My husband began having major problems with mental illness and chemical addiction in 2002. I tried to hold it together for three years (which was part of the problem), but things just kept getting crazier and were spiraling out of control. In late 2004 I learned that we were about $200,000 in debt and I freaked out. To say I was living in fear was an understatement! I was sick, worried, sleepless, begging God to show me what to do. I had been a stay-at-home mom for many years, worked in my husband's business (for no pay) for many years, and had a freelance writing career for many years (which was great but was not a job with much breadwinning potential). So I hadn't finished college, hadn't carved out a career for myself (yes, things that were my choice) and we quite literally had no money. In fact by the time my daughters and I moved out in August of 2005, here's what the landscape looked like: Bankruptcy. Foreclosure. Literally all money was completely gone. Creditors were breathing down our necks, calling our neighbors, showing up at our door. And while I was trying to hold it together for the kids and provide some sort of day to day sanity, here's what was going on inside of me: fear, fear, fear, fear, fear, fear. On about July 27, 2005 my husband - who had been trying to work out a deal with our mortgage company - called and told me our house was going to be foreclosed on August 2. (I had known that's where we were headed but felt powerless to stop it.) We had to be out in less than a week. I decided within 48 hours that I either had to leave our 25-year marriage or drown with him. I made the decision to leave. I was a wreck - feeling like a failure, that I was letting God down, and everything I had ever heard from a pulpit about divorce was haunting me.

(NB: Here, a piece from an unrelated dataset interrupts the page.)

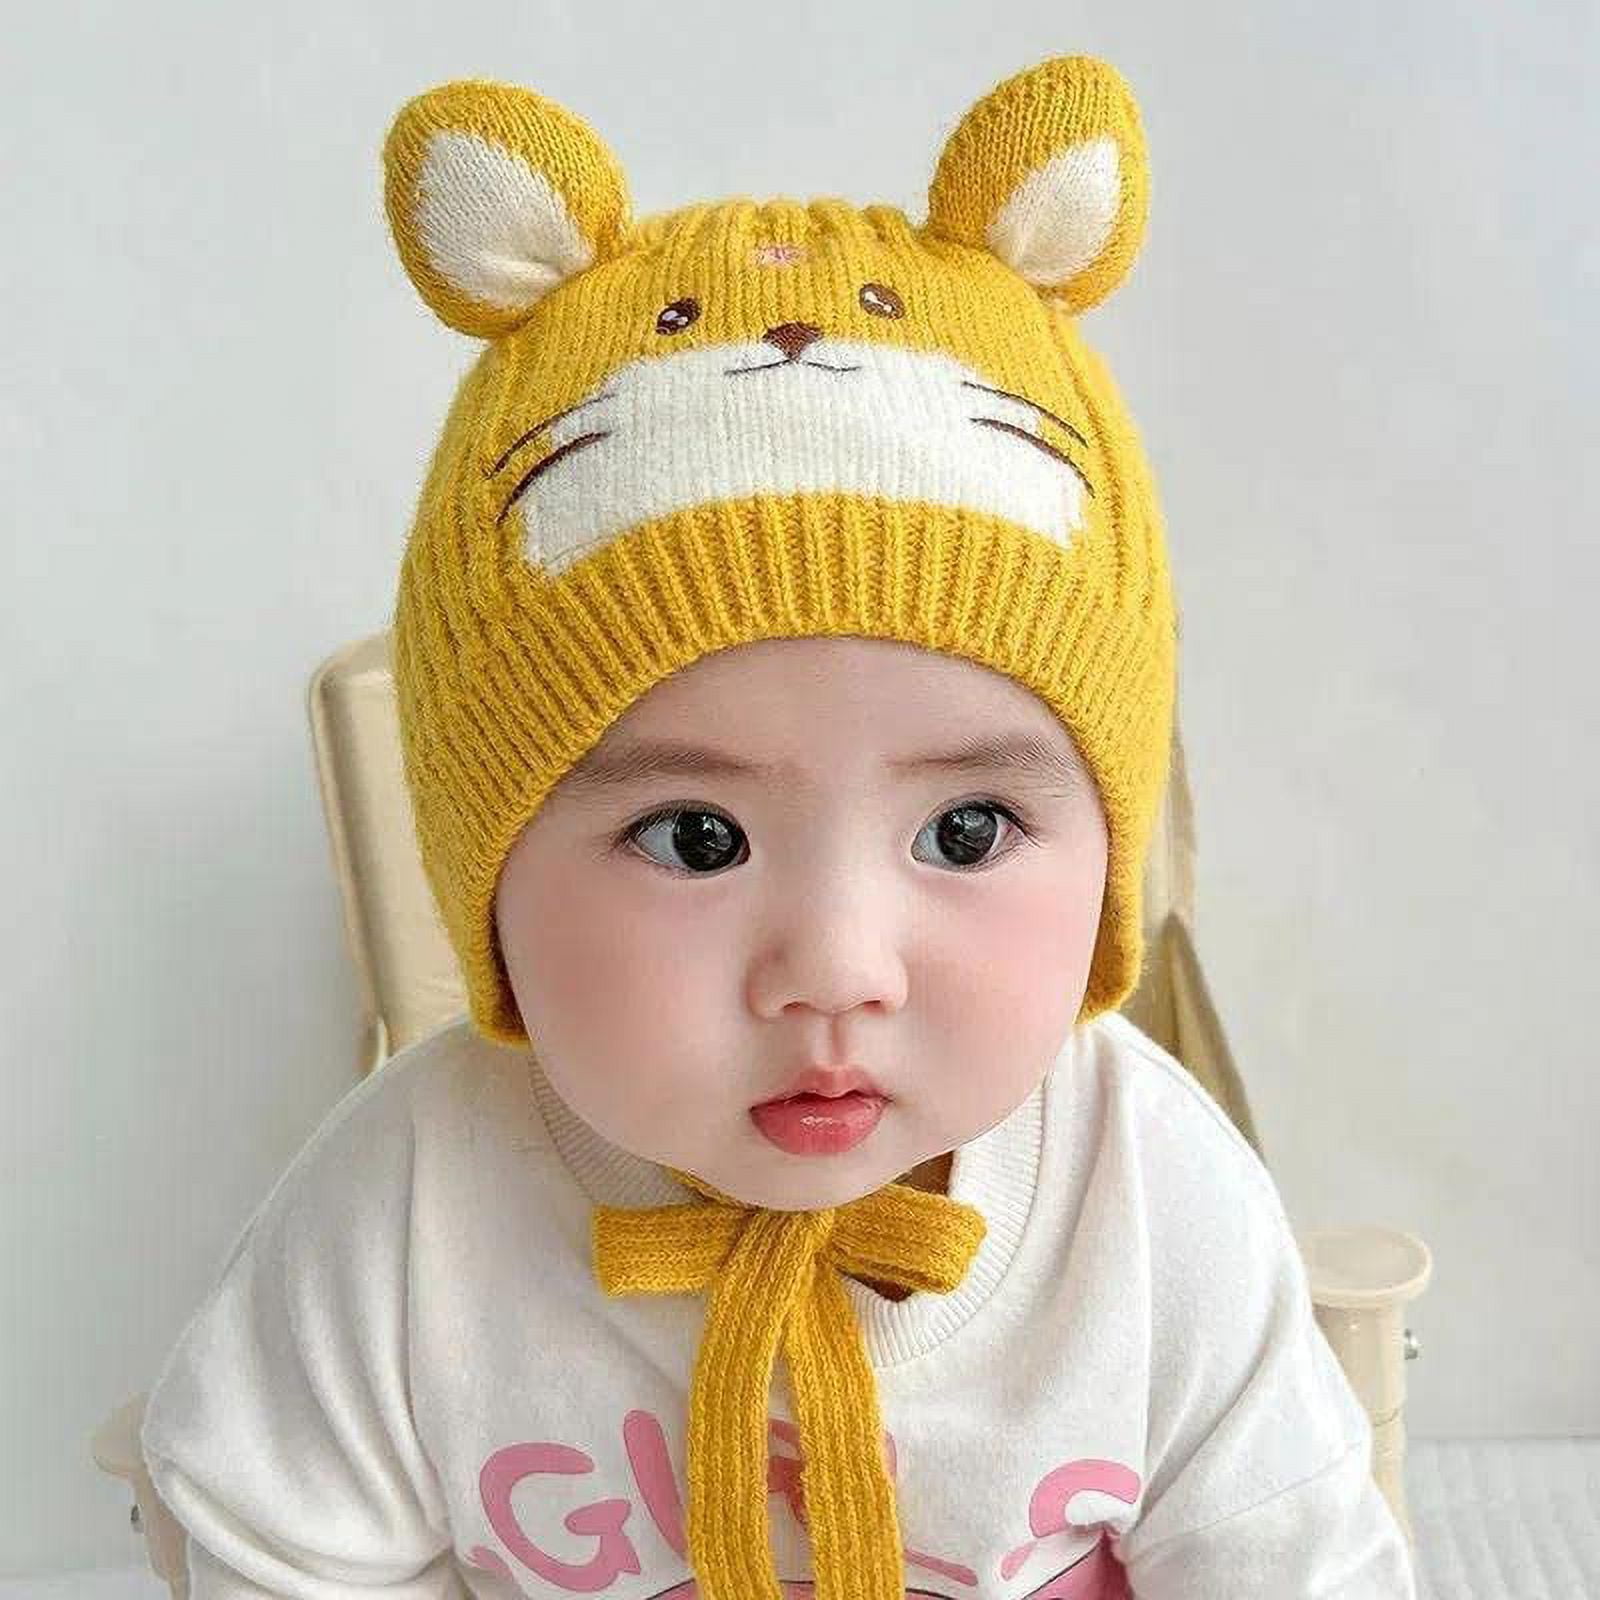 XYIYI Kids Soft Cheetah Knit Beanie Hat with Leopard Pattern and Fur Pom for Boys Girls

I was also wondering, "What the HELL am I going to do?" Fear, fear, fear, fear, fear. We were 6 days from foreclosure and nothing in the house was packed. I didn't even have $100. We had already borrowed money from our families. It was one month before my daughter started her senior year of high school and I felt strongly that I didn't want to live with family - that I wanted to provide a stable place for her to finish high school. We started packing up things and I started looking for a place to live. I begged God to help me, to show me what to do. How was I going to get an apartment without money, without a job, and with a bankruptcy and foreclosure on my record? Someone said they'd cosign a lease with me, and a neighbor offered to help me with the deposit and first month's rent. My friend drove me around Austin while I cried and cried. I sent out emails looking for housesitting opportunities, benevolent people, anything that might be God's provision for us. Nothing. I knew we weren't going to be out on the street because we had people who would let us live with them, but I longed for a safe, quiet place to get my head on straight. I was in shock and absolutely exhausted.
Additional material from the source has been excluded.